Evaluate $\int\cos(\ln x^2)dx$

Question

$$\int\cos(\ln x^2)dx$$

I've learned substitution method, integration by parts, and some other basic methods for integration, but I have no idea how to start this question.

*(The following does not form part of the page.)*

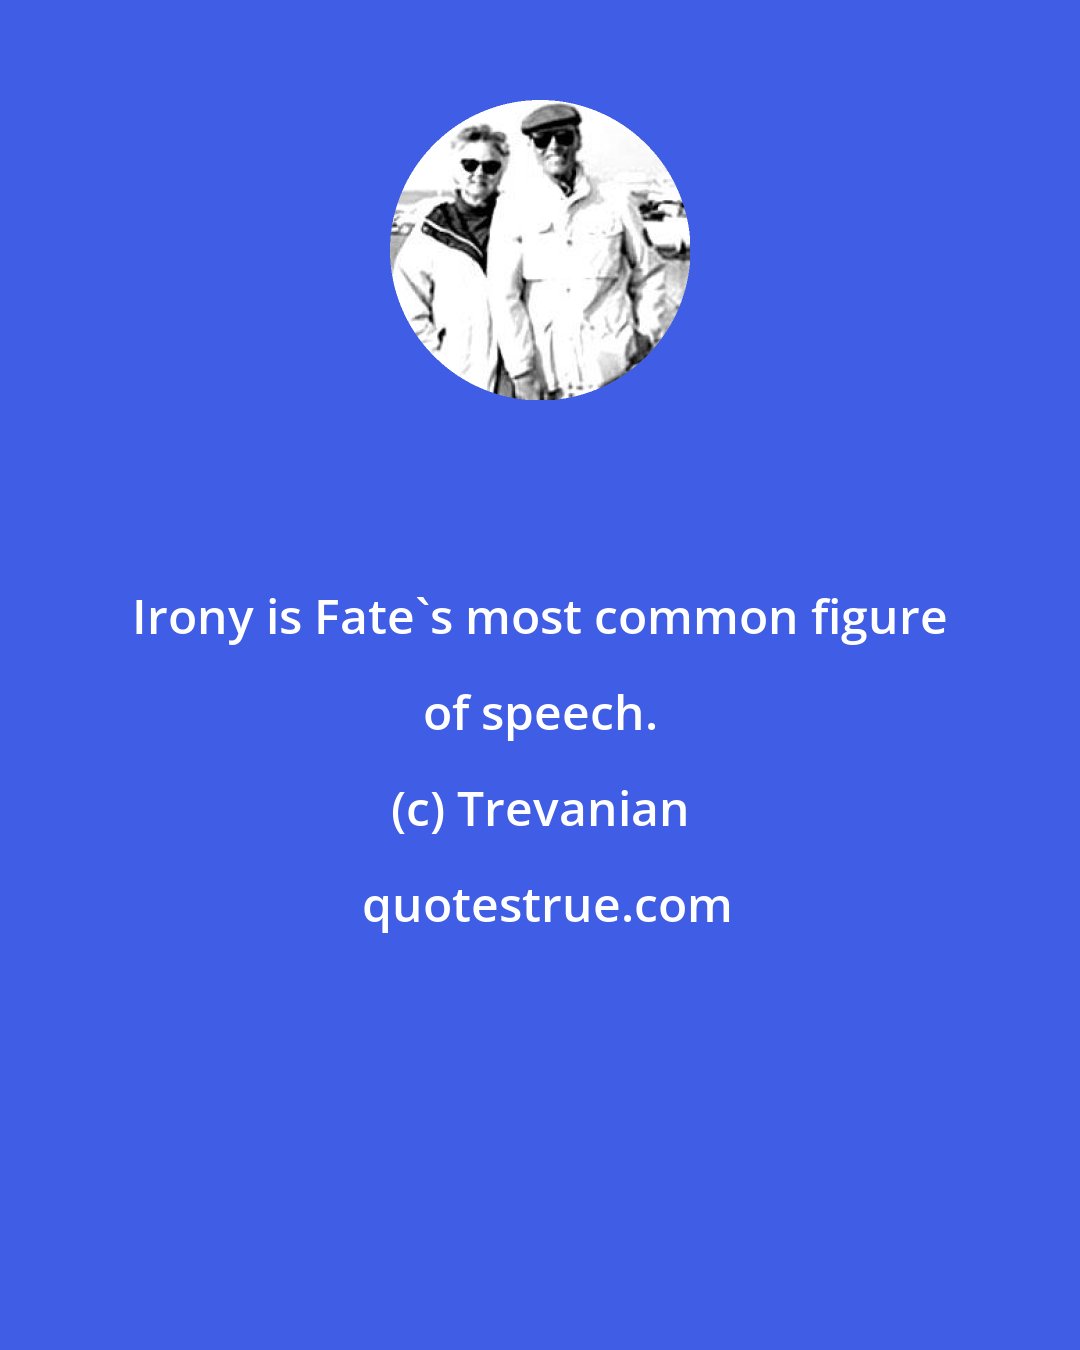 Trevanian: Irony is Fate's most common figure of speech.

How should I start this question?

Answer 1

For ease, let's write $\ln x^2 = 2 \ln x$. If you do the substitution $u = 2 \ln x$, so that $\frac{du}{dx} = \frac{2}{x}$ and $x = e^{u/2}$, then you end up with

$$\frac 12 \int e^{u/2} \cos u \;\mathrm{d}u,$$

which can be done quickly with $2$ integration by parts (and which is a classical integration by parts problem).

Answer 2

Using the fact that $\cos \theta=\text{Re }e^{i\theta}$,

$$ \begin{align*} \int \cos(\log x^2)\; dx &= \text{Re}\int e^{2i \log x} \; dx \\ &= \text{Re} \int x^{2i}\; dx \\ &= \text{Re}\left(\frac{x^{1+2i}}{1+2i} \right) \\ &= \frac{x}{5}\text{Re} \left( x^{2i} (1-2i)\right) \\ &= \frac{x}{5}\text{Re} \left( (\cos(2\log x)+i\sin(2\log x) ) (1-2i)\right)\\ &= x\frac{ \cos(2\log x)+2 \sin(2\log x)}{5}+C \end{align*} $$

Answer 3

taking $t=\ln x$ you get $dx=e^t dt$ $$\int\cos(\ln x^2)dx=\int\cos(2t)e^t dt=:I$$ Integrating by parts twice you get $$I=\int\cos(2t)e^t dt=e^t\cos(2t)+2\int\sin(2t)e^t dt+C=$$ $$=e^t\cos(2t)+2\left(e^t\sin(2t) - 2\int\cos(2t)e^t dt\right)+C=$$ $$=e^t\cos(2t)+2e^t\sin(2t)-4I +C\ .$$ Thus, $$I=\frac{1}{5}\left(e^t\cos(2t)+2e^t\sin(2t)\right)+C=\frac{1}{5}\left(x\cos(\ln x^2)+2x\sin(\ln x^2)\right)+C$$

Answer 4

Rewrite $$ \int\cos(\ln x^2)dx=\int\cos(2\ln x)dx. $$ Using IBP by taking $u=\cos(2\ln x)\;\Rightarrow\;du=-\dfrac2x\sin(2\ln x)\ dx$ and $dv=dx\;\Rightarrow\;v=x\,$ yields $$ \int\cos(2\ln x)dx=x\cos(2\ln x)+2\int\sin(2\ln x)dx+C_1.\tag1 $$ Again using IBP by taking $u=\sin(2\ln x)\;\Rightarrow\;du=\dfrac2x\cos(2\ln x)\ dx$ and $dv=dx\;\Rightarrow\;v=x$ yields $$ \int\sin(\ln x^2)dx=x\sin(2\ln x)-2\int\cos(2\ln x)dx+C_2.\tag2 $$ Plug in $(2)$ to $(1)$ yields \begin{align} \int\cos(2\ln x)dx&=x\cos(2\ln x)+2x\sin(2\ln x)-4\int\cos(2\ln x)dx+K\\ 5\int\cos(2\ln x)dx&=x\cos(\ln x^2)+2x\sin(\ln x^2)+K. \end{align}